An early hero of biological control was C.Y. Riley, head of USDA's Division of Entomology upon its establishment in 1881. Prior to his USDA post—while still Missouri state entomologist Riley made the very first international shipment of an insect natural enemy when he sent specimen of a predaceous mite to France to control grape phylloxera there.

Riley was the guiding force behind one of the United States earliest and most notable successes in biological control: importation in 1888-89 of the Vedalia beetle Rodolia cardinalis, from Australia into California to battle the cottony-cushion scale, a pest threatening California's then-fledgling citrus industry.

The road to biological control looked wide and smooth in those early years. USDA exploration in Europe and Japan beginning in 1905 turned up natural enemies of the gypsy moth and brown-tail moth.

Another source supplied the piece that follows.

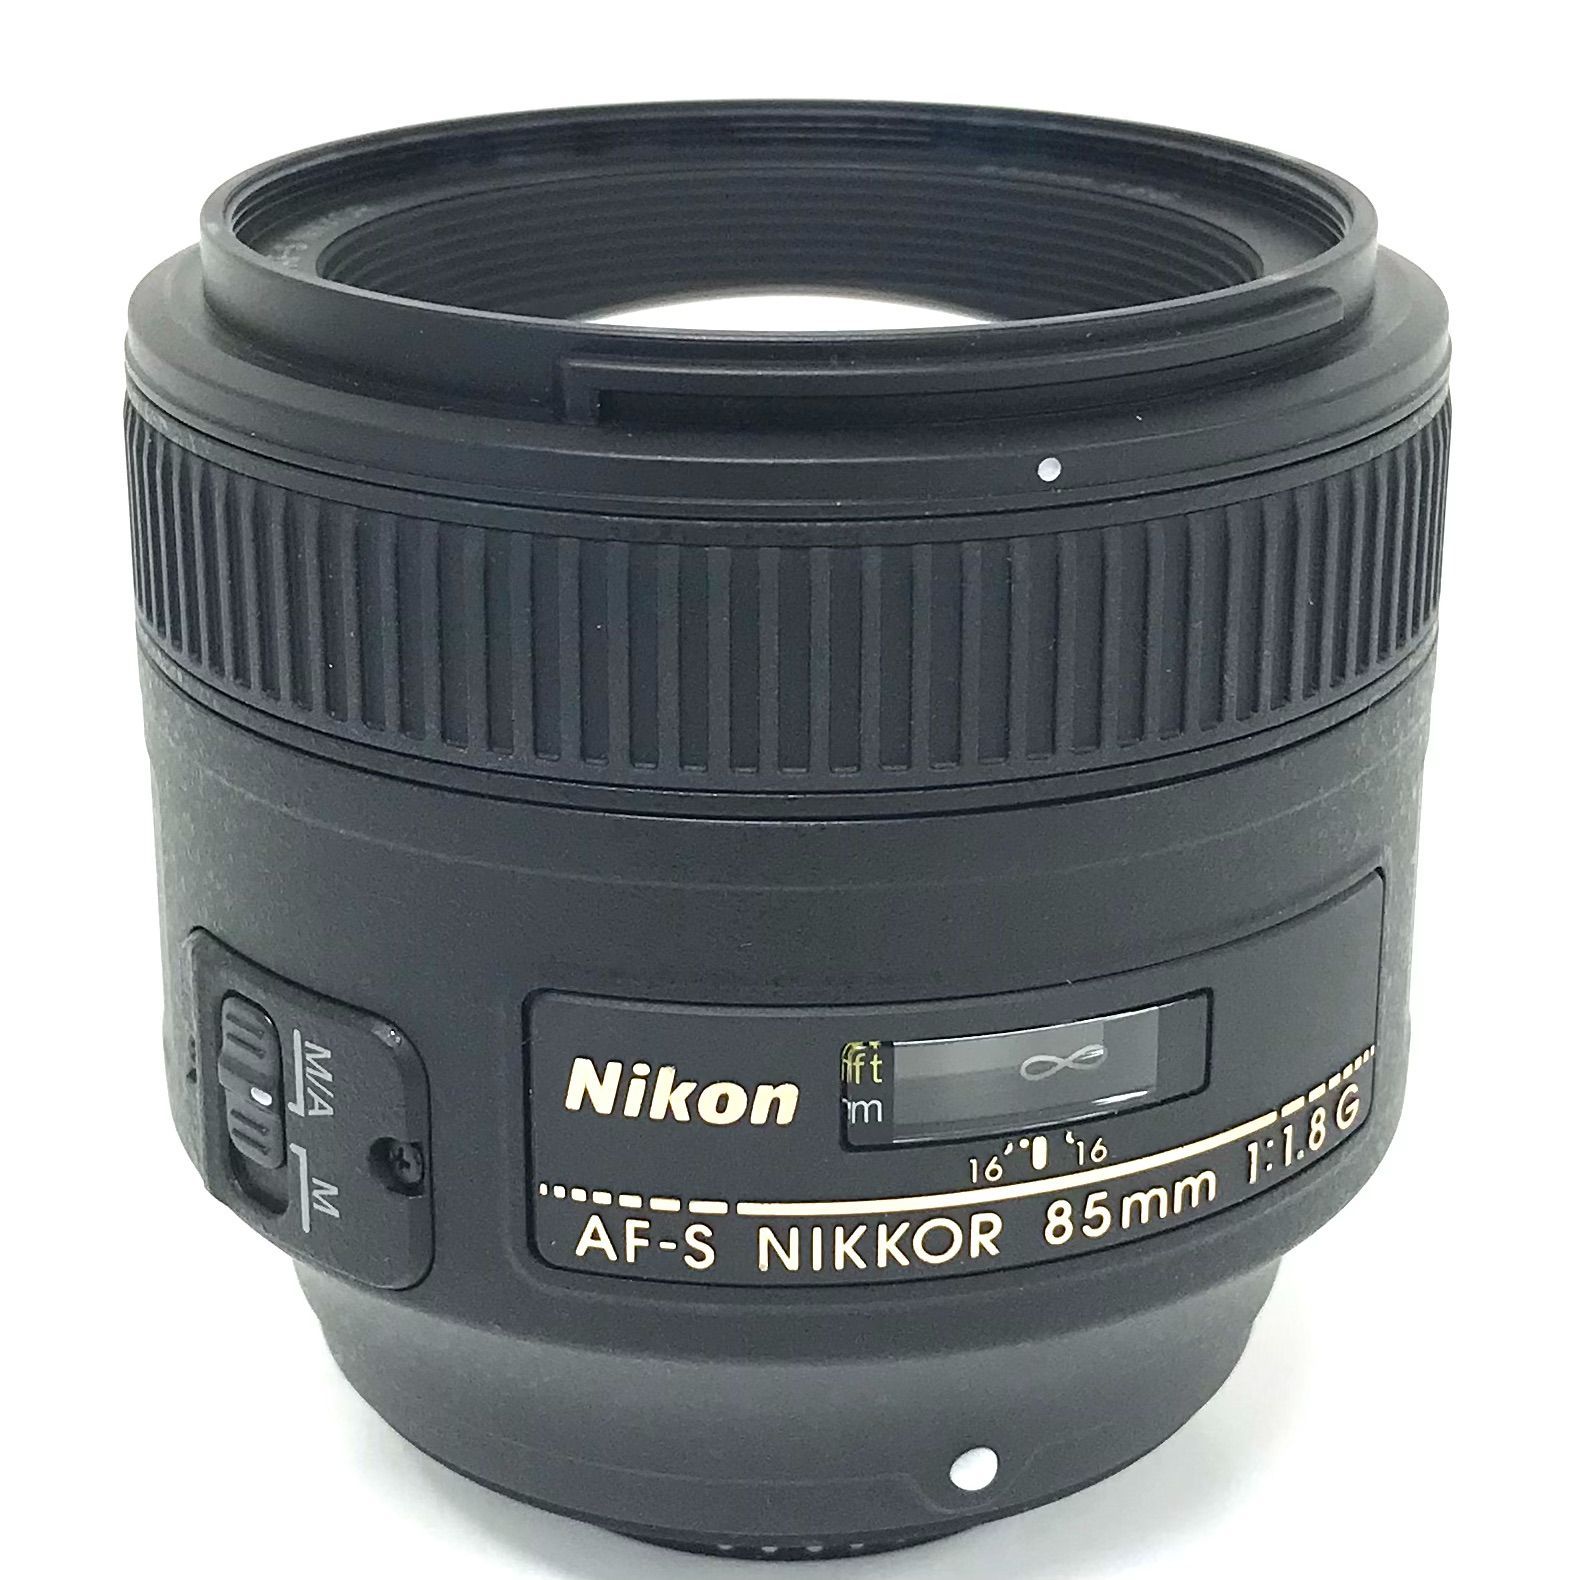 θ ニコン AF-S NIKKOR 85mm f/1.8G Fマウント用

From 1905 to 1918 USDA's, Bureau of Entomology imported parasite and predator of the elm leaf beetle, alfalfa and clover leaf weevil, and sugarcane borer. In 1919, the department established a laboratory at Auch, France, to simplify the search for natural weapons; a second laboratory was established in Japan in l922.

Biocontrol scored big again when a USDA scientist, Samson R. Dutky, developed a way to produce spores of Bacillus popilliae, bacterial milky spore disease, to provide effective suppression of the Japanese beetle—the first commercial microbial pesticide.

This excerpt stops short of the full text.